*Work task:*
All of the entries below should be returned verbatim, apart from the pictures.

━━ Supplied material ━━

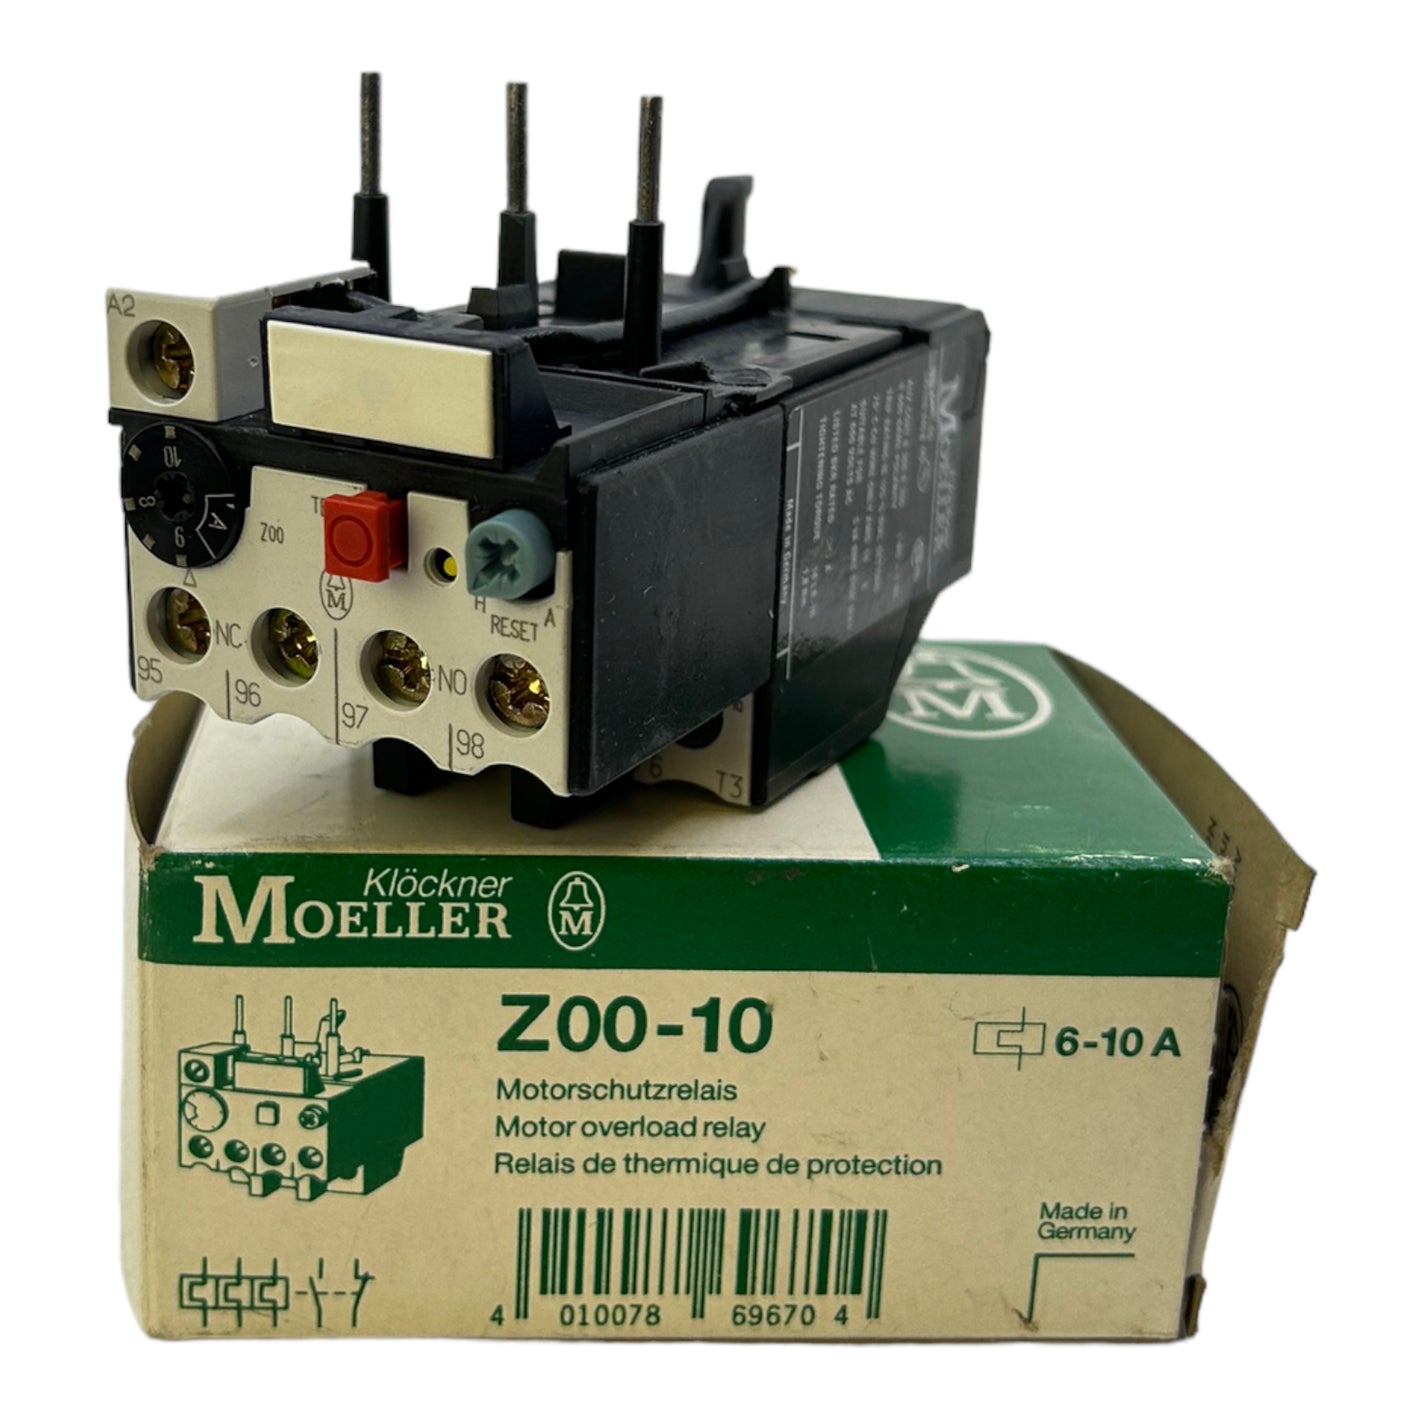 Klöckner Moeller Z00-10 motor protection relay 220/240V AC 6-10A 1NO + 1NC relay 
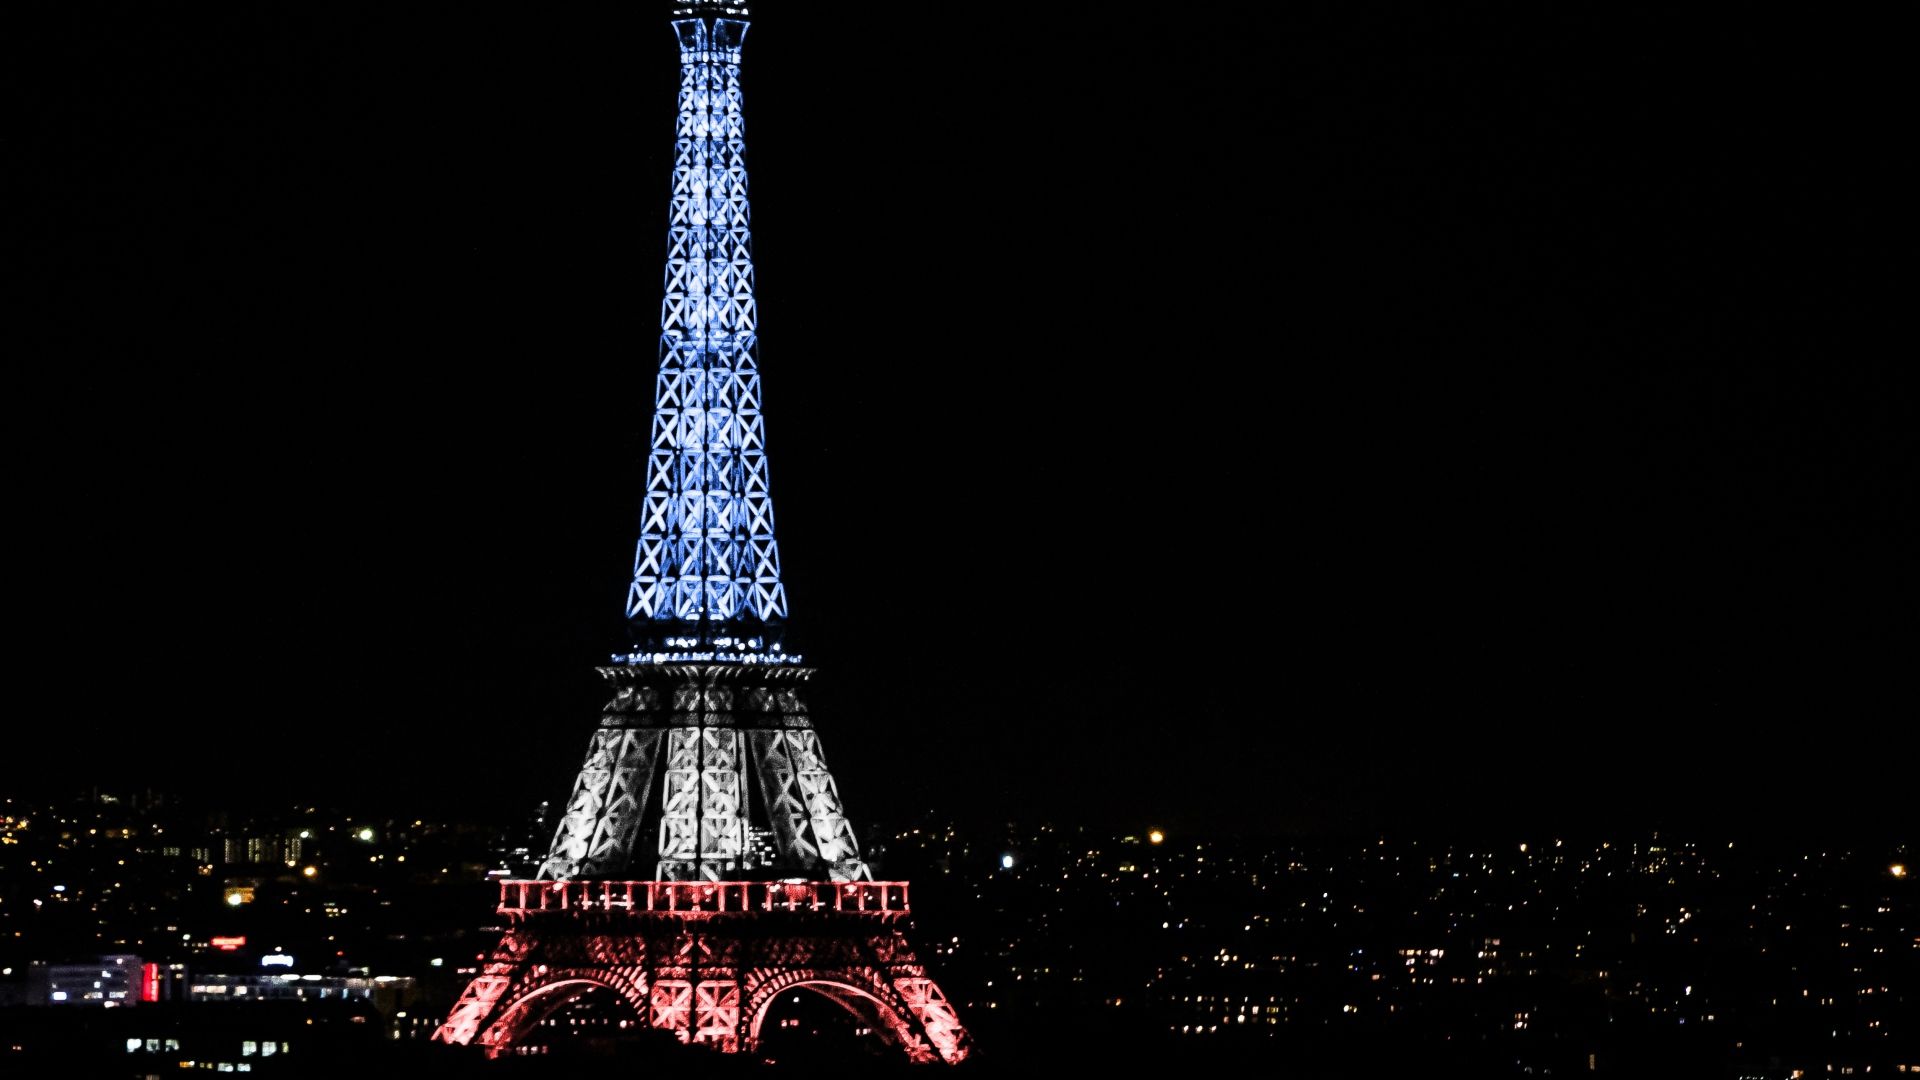 Fondos de pantalla gratis de la Torre Eiffel # N952348 | WallpapersExpert.com
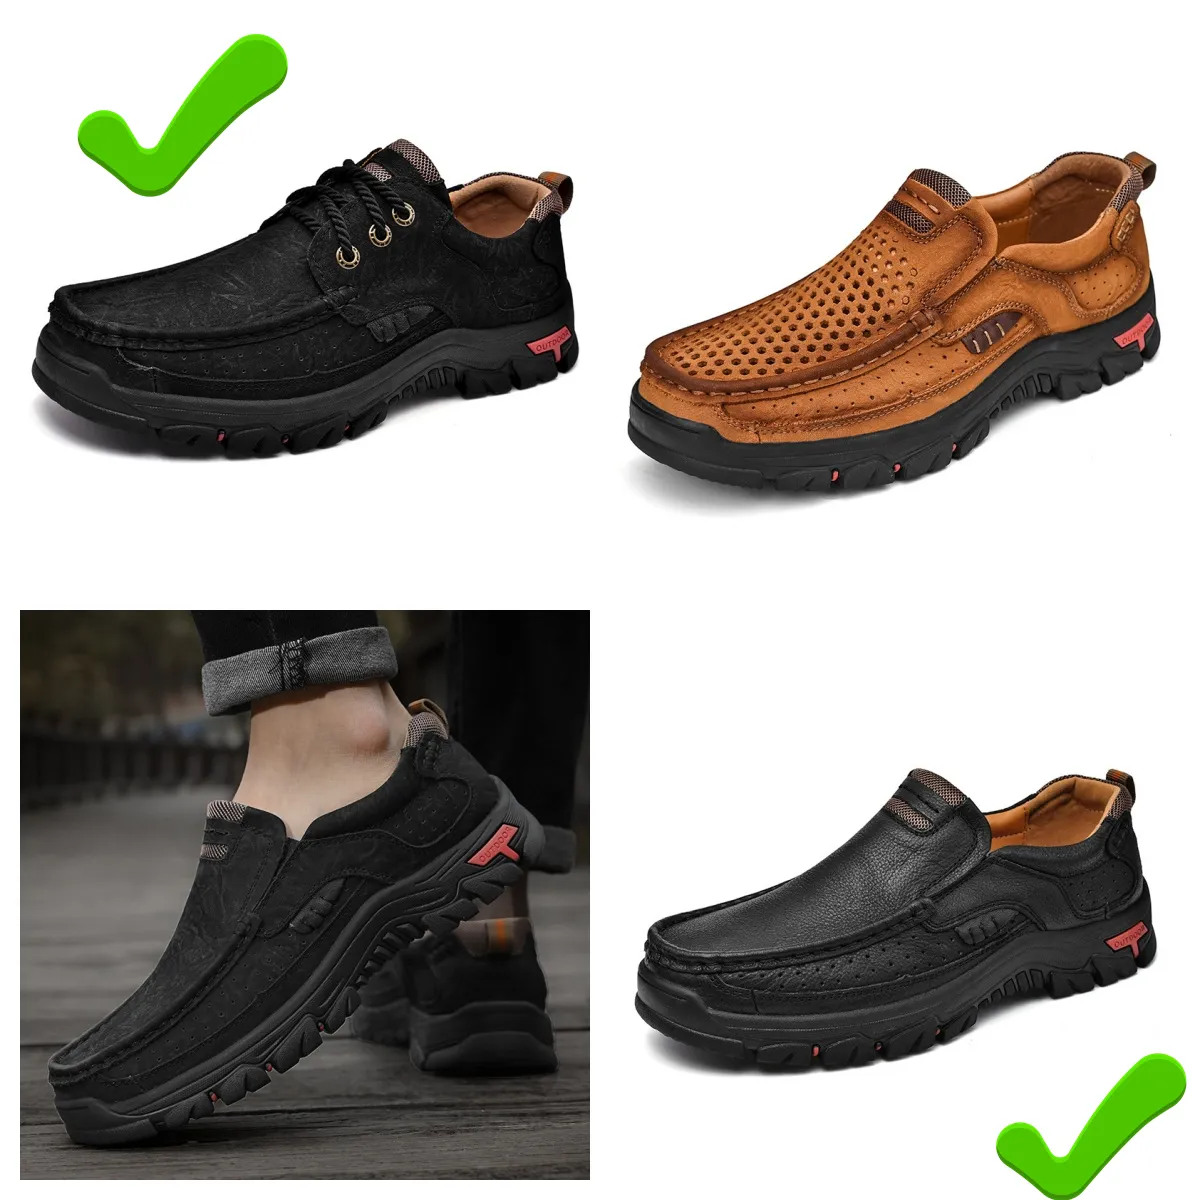 Nova venda sapatos de couro homens couro genuíno mocassins oversized sapatos de couro casuais sapatos de caminhada GAI MASCULINO de alta qualidade bigsize designer de luxo casual
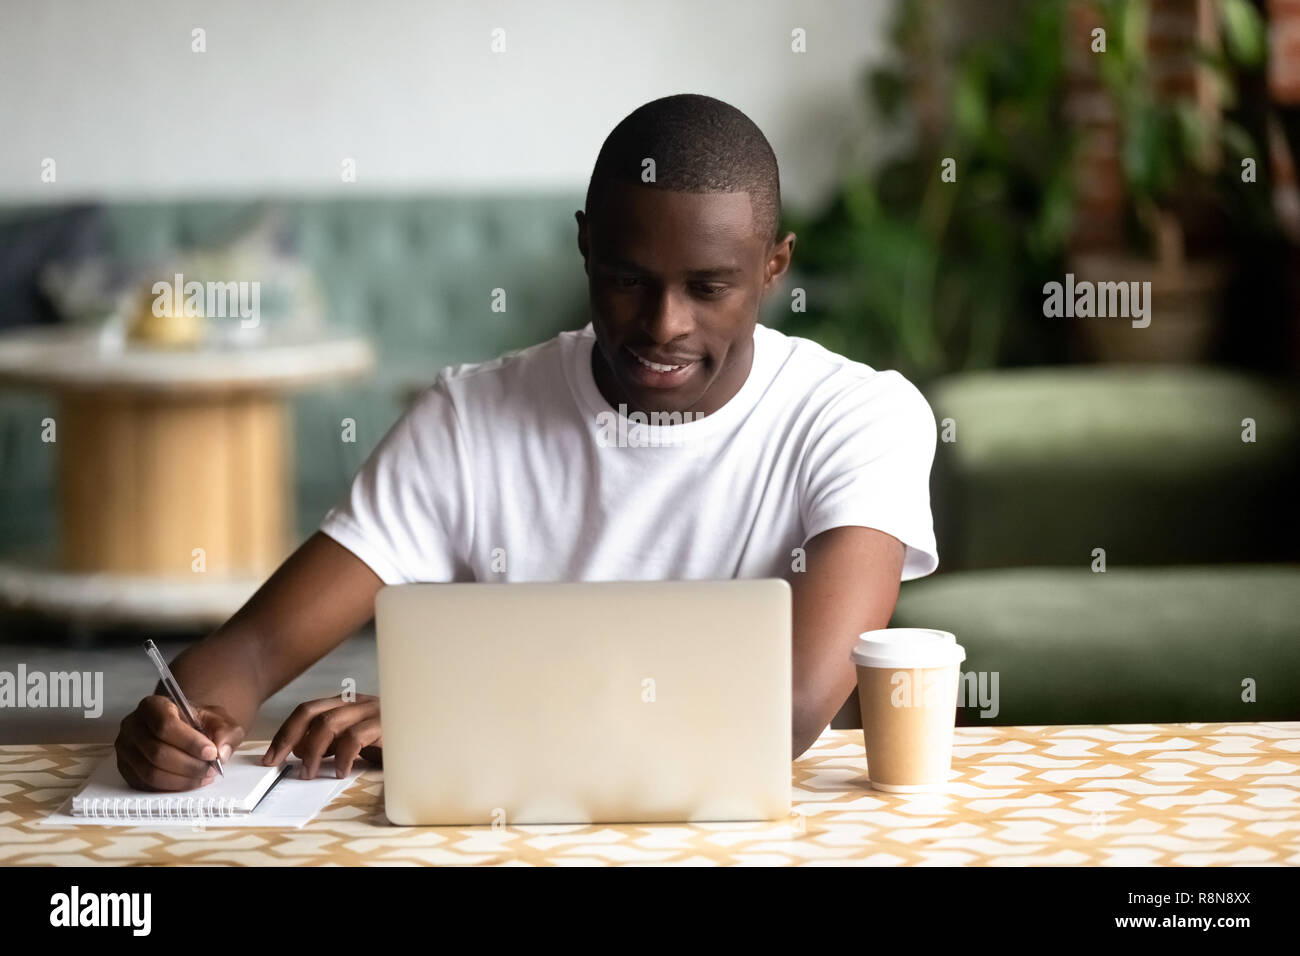 Smiling African American man using laptop, making notes Stock Photo
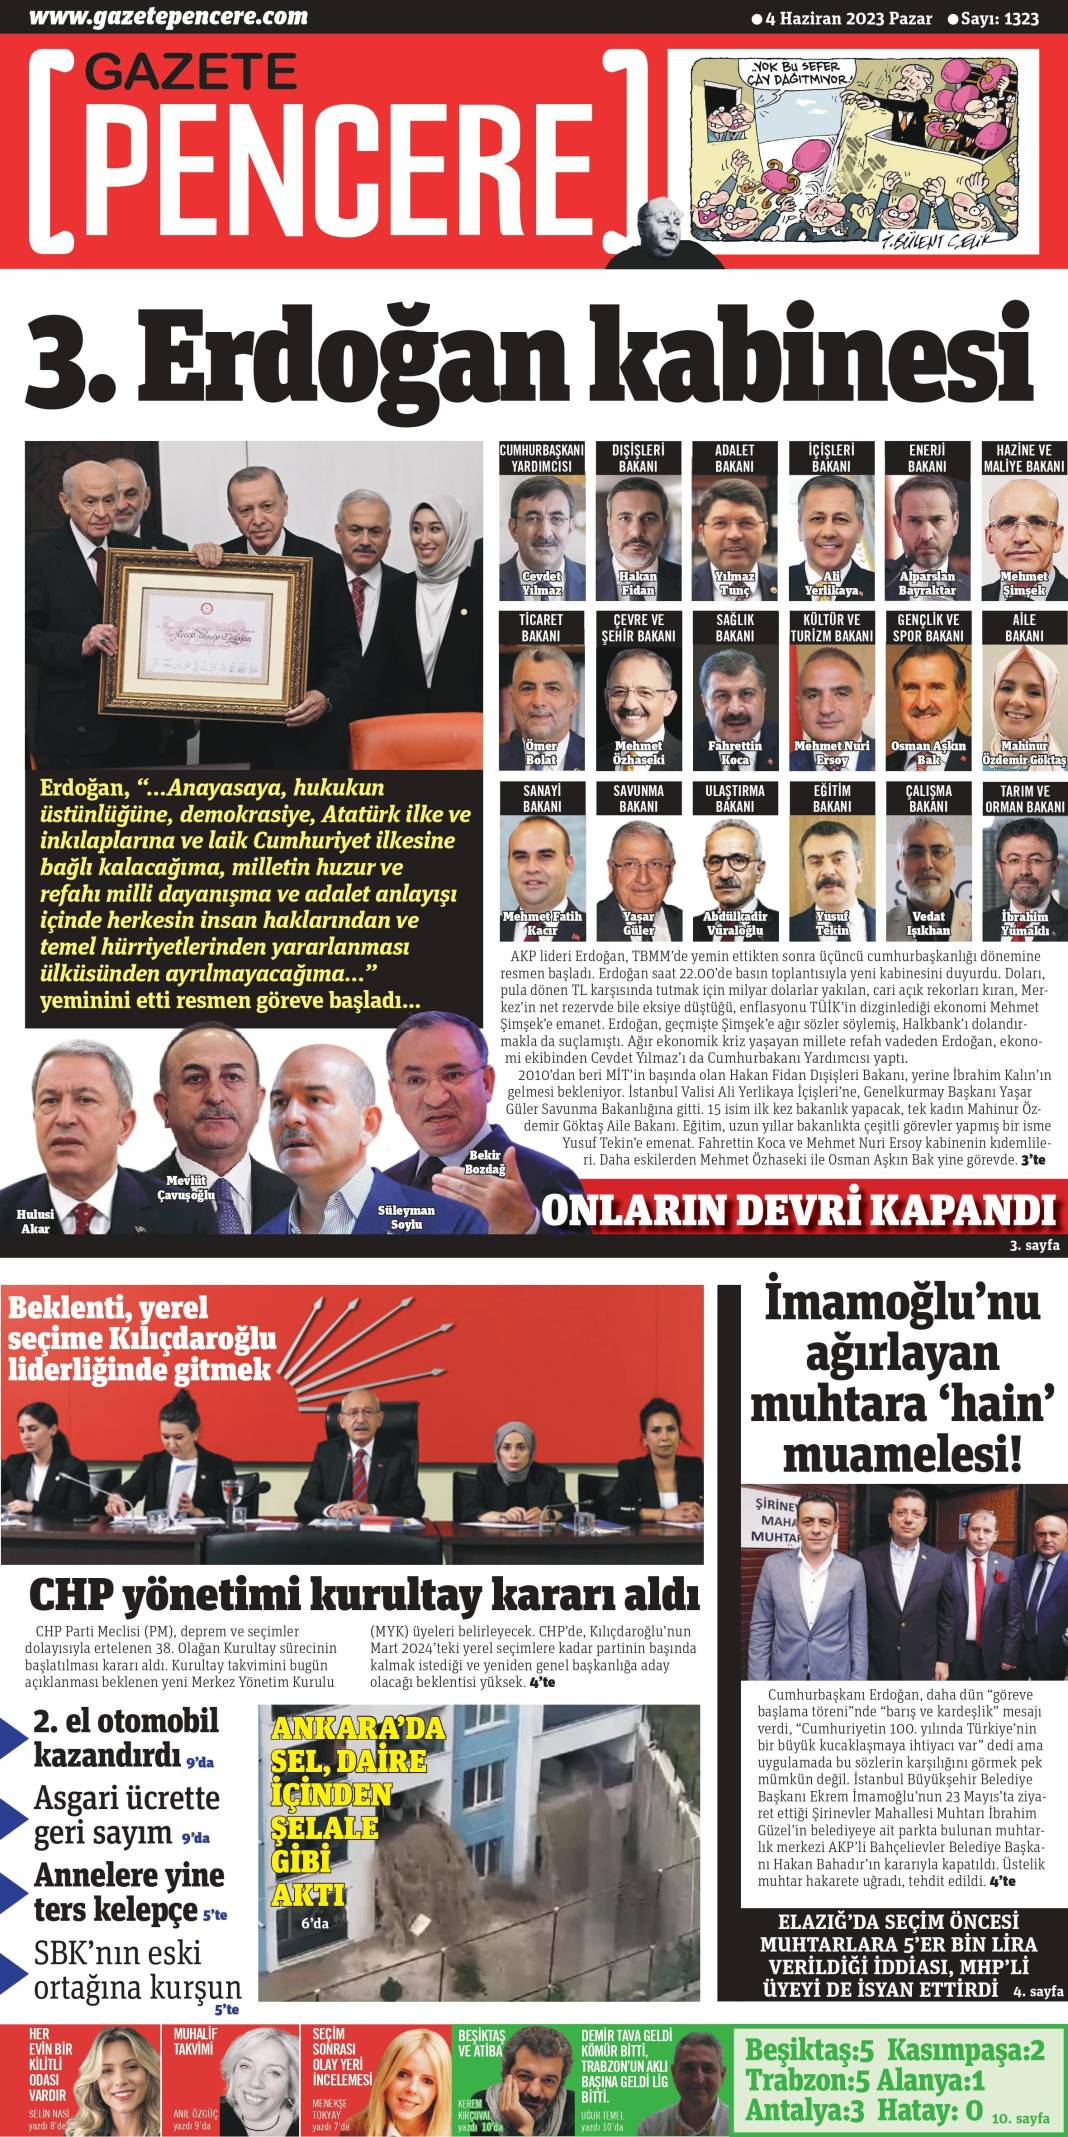 Gazeteler, Erdoğan’ın açıkladığı yeni kabine listesini manşetlerine nasıl taşıdı? İşte günün manşetleri 8

━━━

*Result of this task:*
 Klöckner Moeller Z00-10 motor protection relay 220/240V AC 6-10A 1NO + 1NC relay 
 Fondos de pantalla gratis de la Torre Eiffel # N952348 | WallpapersExpert.com
 Nova venda sapatos de couro homens couro genuíno mocassins oversized sapatos de couro casuais sapatos de caminhada GAI MASCULINO de alta qualidade bigsize designer de luxo casual
 Smiling African American man using laptop, making notes Stock Photo
 Gazeteler, Erdoğan’ın açıkladığı yeni kabine listesini manşetlerine nasıl taşıdı? İşte günün manşetleri 8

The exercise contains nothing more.